仕事を捌くディラン様の表情は真剣そのもので、昔の幼さはどこかへ消えていた。ぺったんこだった喉元も男性らしい喉仏がちょんと出っ張っている。可愛らしく丸かった輪郭も今では精悍な顔立ちで美しさに凛々しさも混ざった、イケメンと言うに相応しい顔つきである。
大人になったのだと改めて感じ、今まで見たことの無かった表情と男性らしくなった体つきにドキリとした。顔を赤らめないようにきゅっと唇を結ぶ。袖から伸びたゴツゴツした手だったり、悩んだ時に唇をいじったりする癖だったり、時々覗く鎖骨だったり意識し始めたらきりがなくてなぜだか途端に恥ずかしくなった。
私がじっと見ていたのに気が付いたのか、ディラン様と視線が交わる。
「どうかした?」
「い、いえ……。仕事をしているディラン様が新鮮だな、と」
「……見惚れた?」
ディラン様が冗談めかして言ったのは声色で分かったが、完全に図星であったため一気に体の体温が上がった。異性として意識していたのが見透かされたようで穴があったら入りたいほどの羞恥に襲われる。
私の反応が想定外だったらしいディラン様はぽかんとしたように私を見ていた。それがまた羞恥を煽る。
「いや、そんな厭らしい目で見てたわけじゃないですよ!? ただ、大きくなったなぁって!」
「ふ、ふふ、なにそれ」
ディラン様は体を傾けて、私の方へ寄る。簡易的な椅子に座っていた私の真正面にディラン様の顔が来た。ギシリと椅子の音がして、頬を撫でられる。
「本当に、それだけ?」
耳元で囁くようにそう言われれば、赤面するほかないのではないだろうか。私はボンッと音が出そうなほど真っ赤に染まった自信があった。

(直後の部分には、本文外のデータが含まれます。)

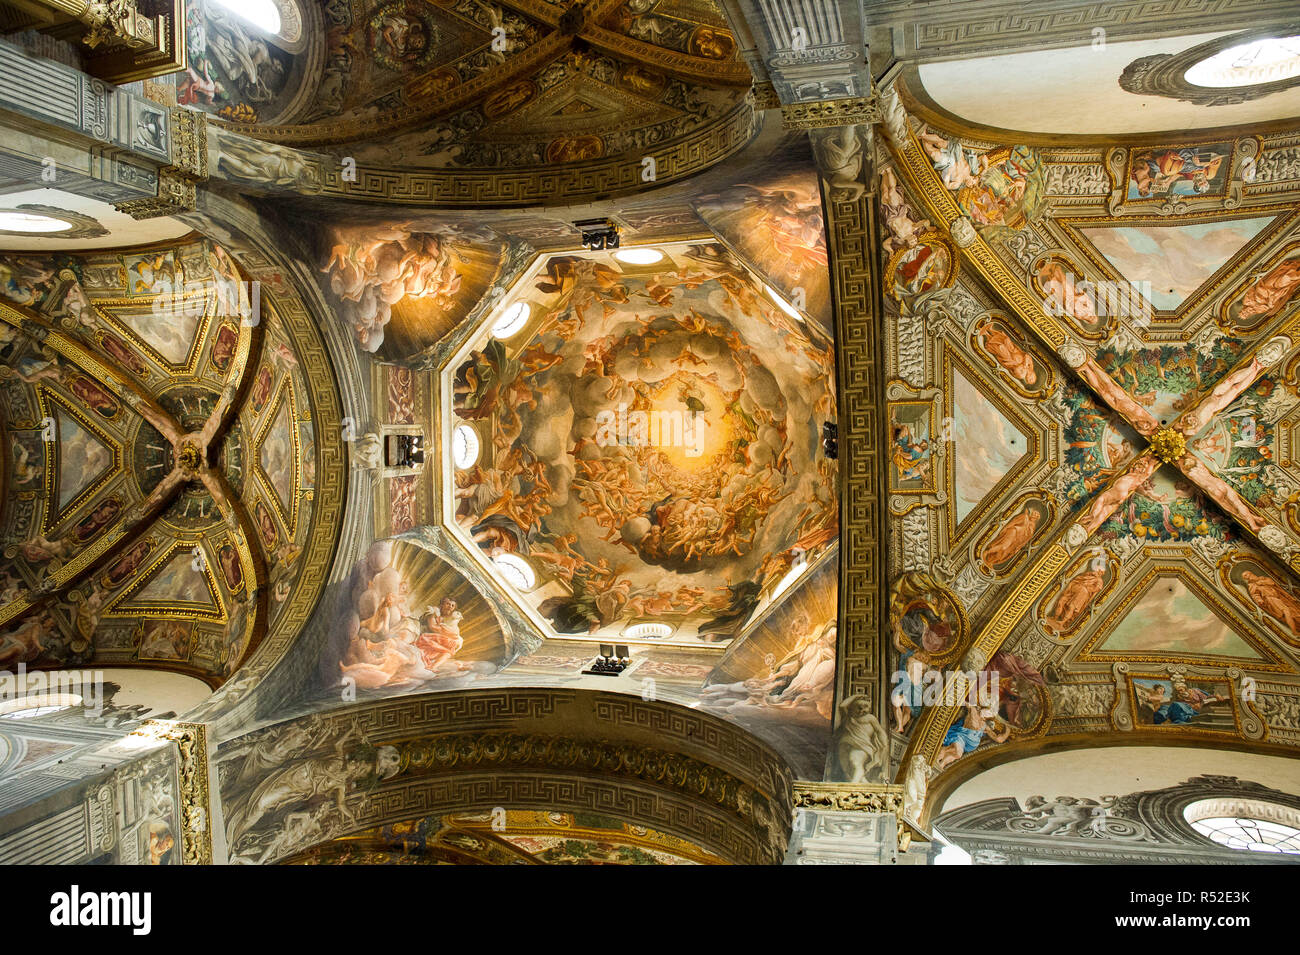 L'Italie, l'Emilie Romagne, Parme, la cathédrale Santa Maria Assunta, tirés de la coupole de l'Assomption de la Vierge peint par Simon Vouet Banque D'Images

ディラン様は笑っているが、私はそれどころではない。あうあうと言葉にならない鳴き声を発しながら状況に適応しようと必死だ。
「ね、明日ベルの部屋行っていい?」
「えっ!?」
こっそりそう言ったディラン様に私は過剰に反応した。彼は楽しそうに私を見ている。
駄目だ。意識しすぎている。この前も至近距離で話したが、それは必死だったのでそんな余裕は無かった。なのに、今はどうだ。穏やかな日常の中では意識しないはずがないほどの色気が今のディラン様にはあった。
尋常じゃない色気に当てられて、私はこくりと従順に頷いてしまうのだった。